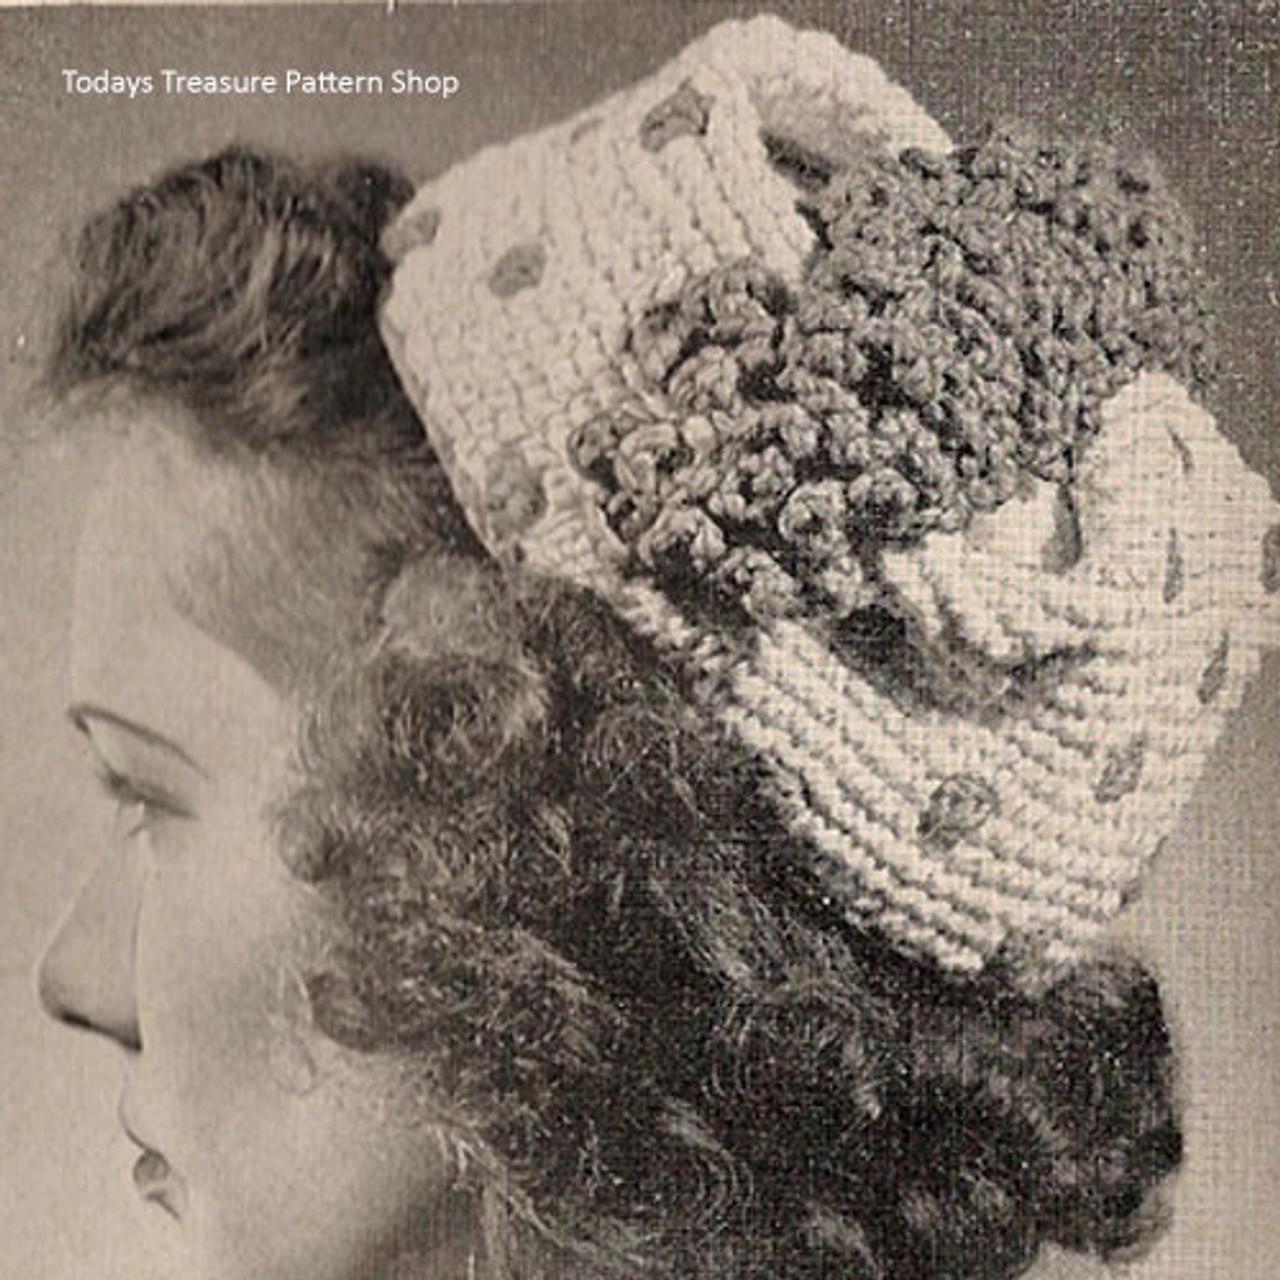 Vintage Polka Dot Pillbox Crochet Pattern with Flower band
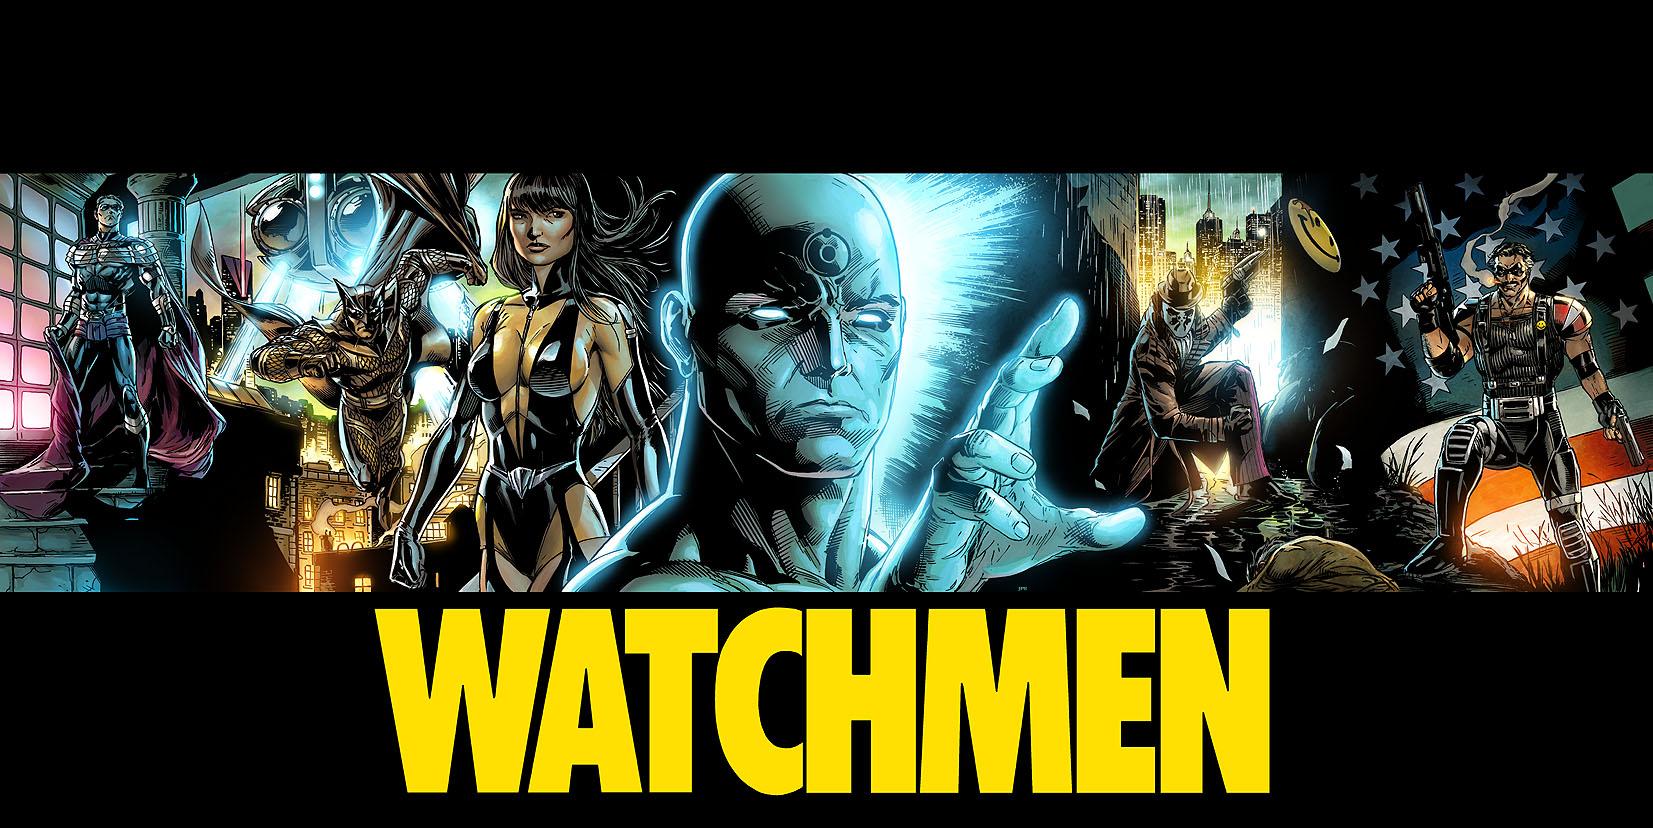 Watchmen_Color_by_JPRart-2
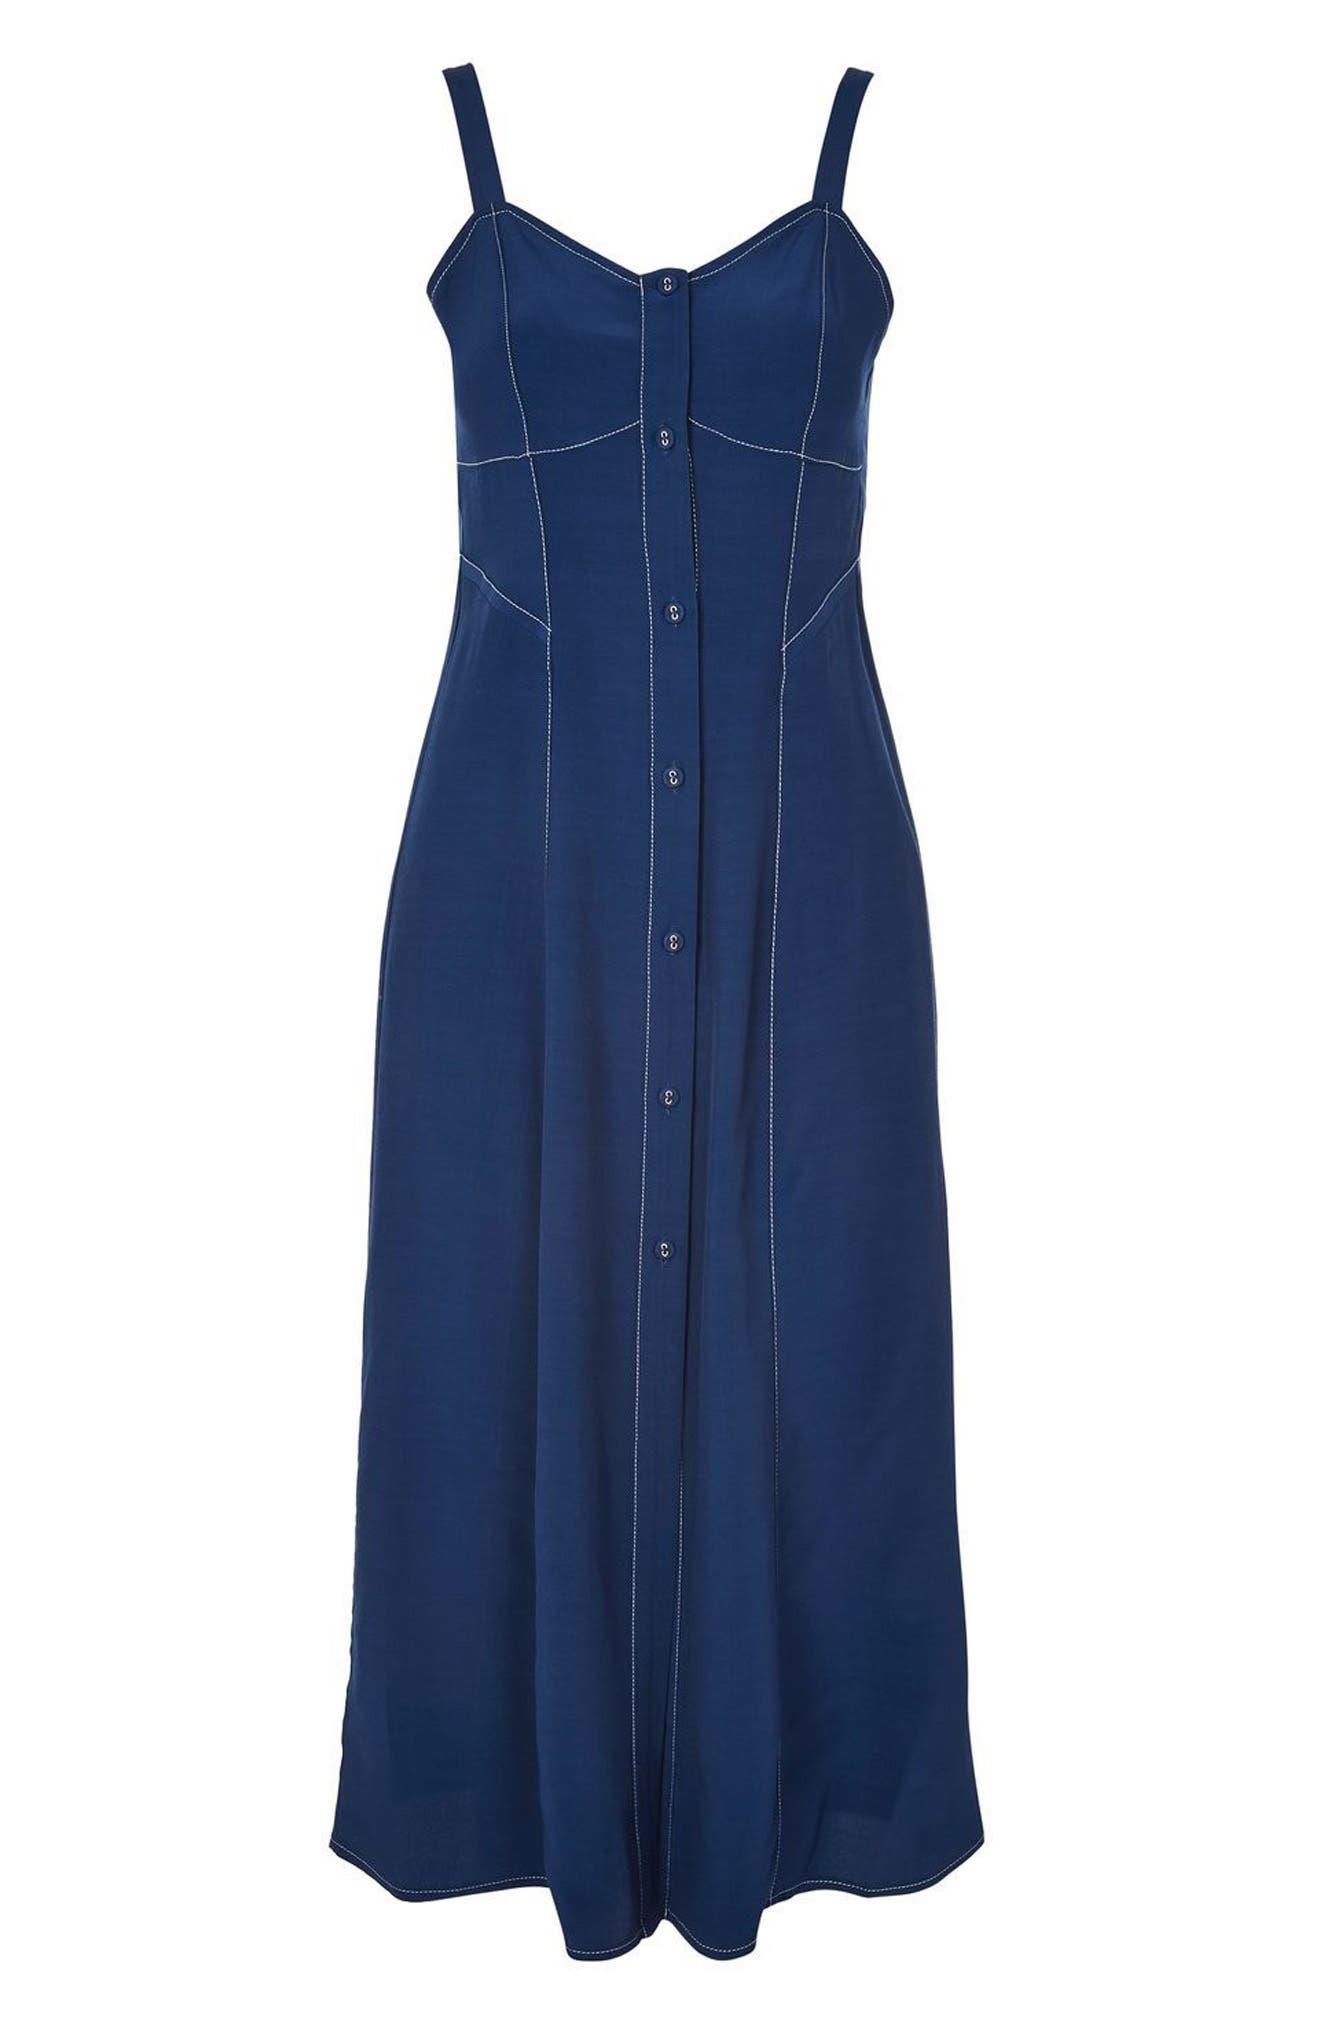 Topstitch Corset Midi Dress,                             Alternate thumbnail 3, color,                             410
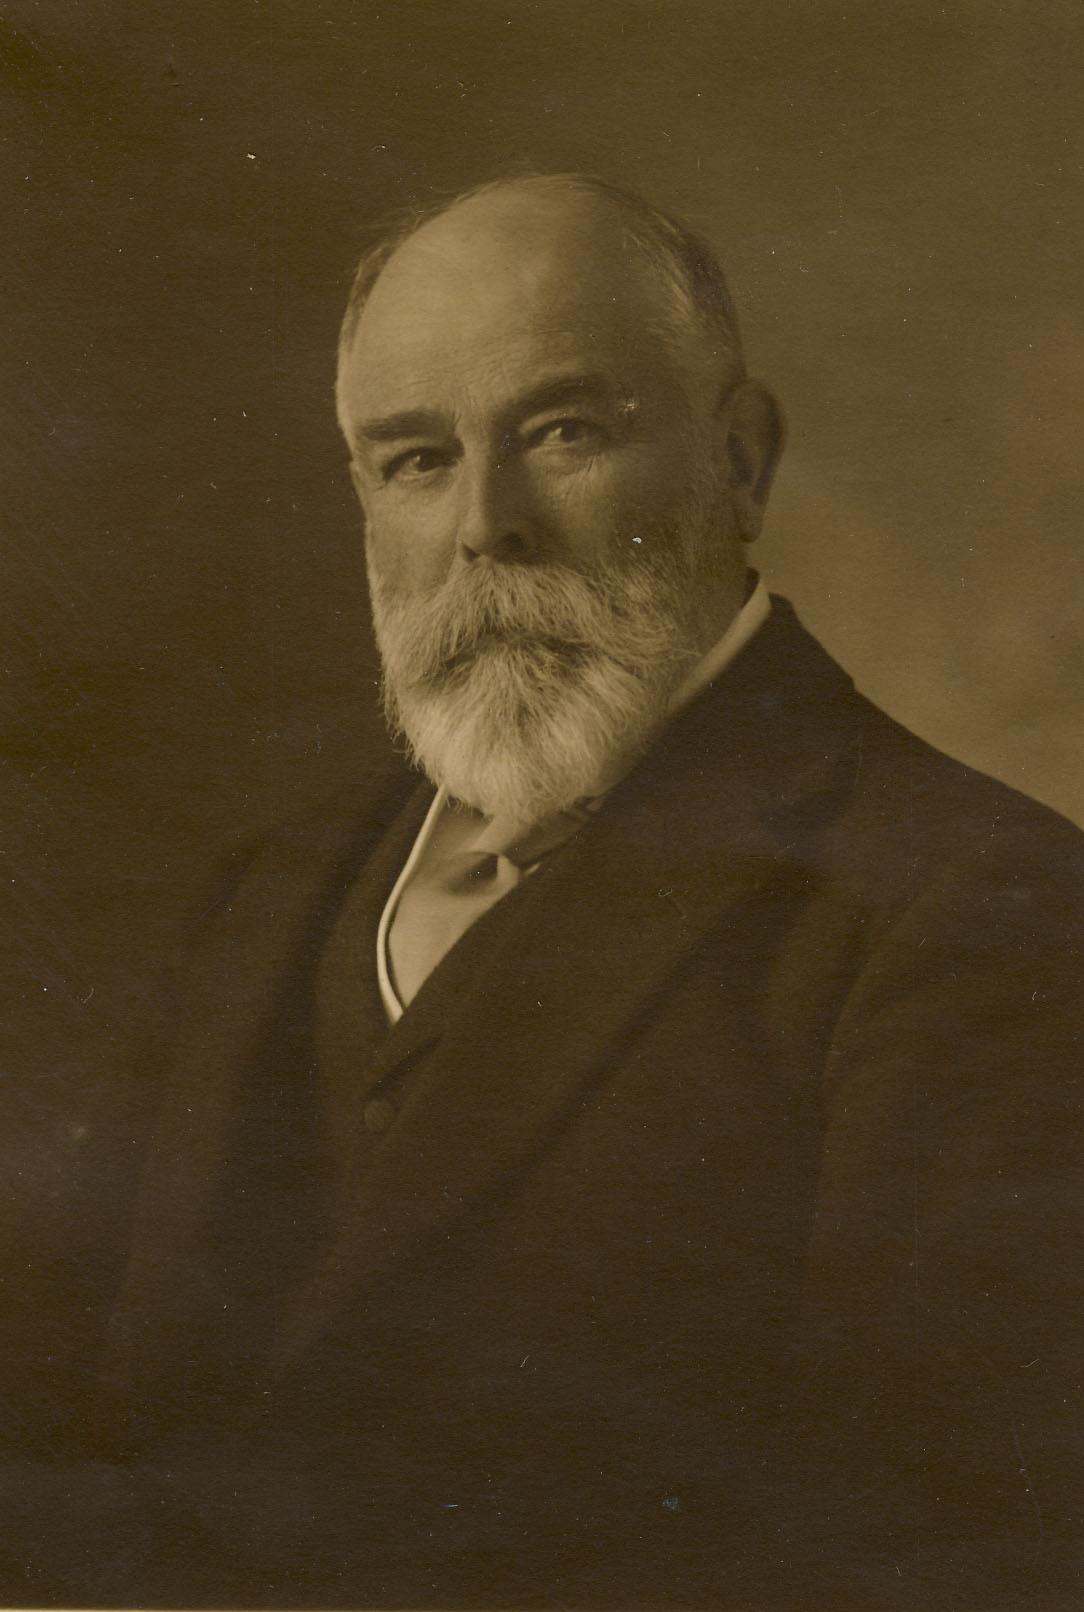 Volume XIV (1911-1920
= = = =
TASK ITEM: Return the whole listing word for word, minus its pictures.

YOUR SOLUTION:
 Vintage Polka Dot Pillbox Crochet Pattern with Flower band
 Watchmen_Color_by_JPRart-2
 Topstitch Corset Midi Dress,                             Alternate thumbnail 3, color,                             410
 Volume XIV (1911-1920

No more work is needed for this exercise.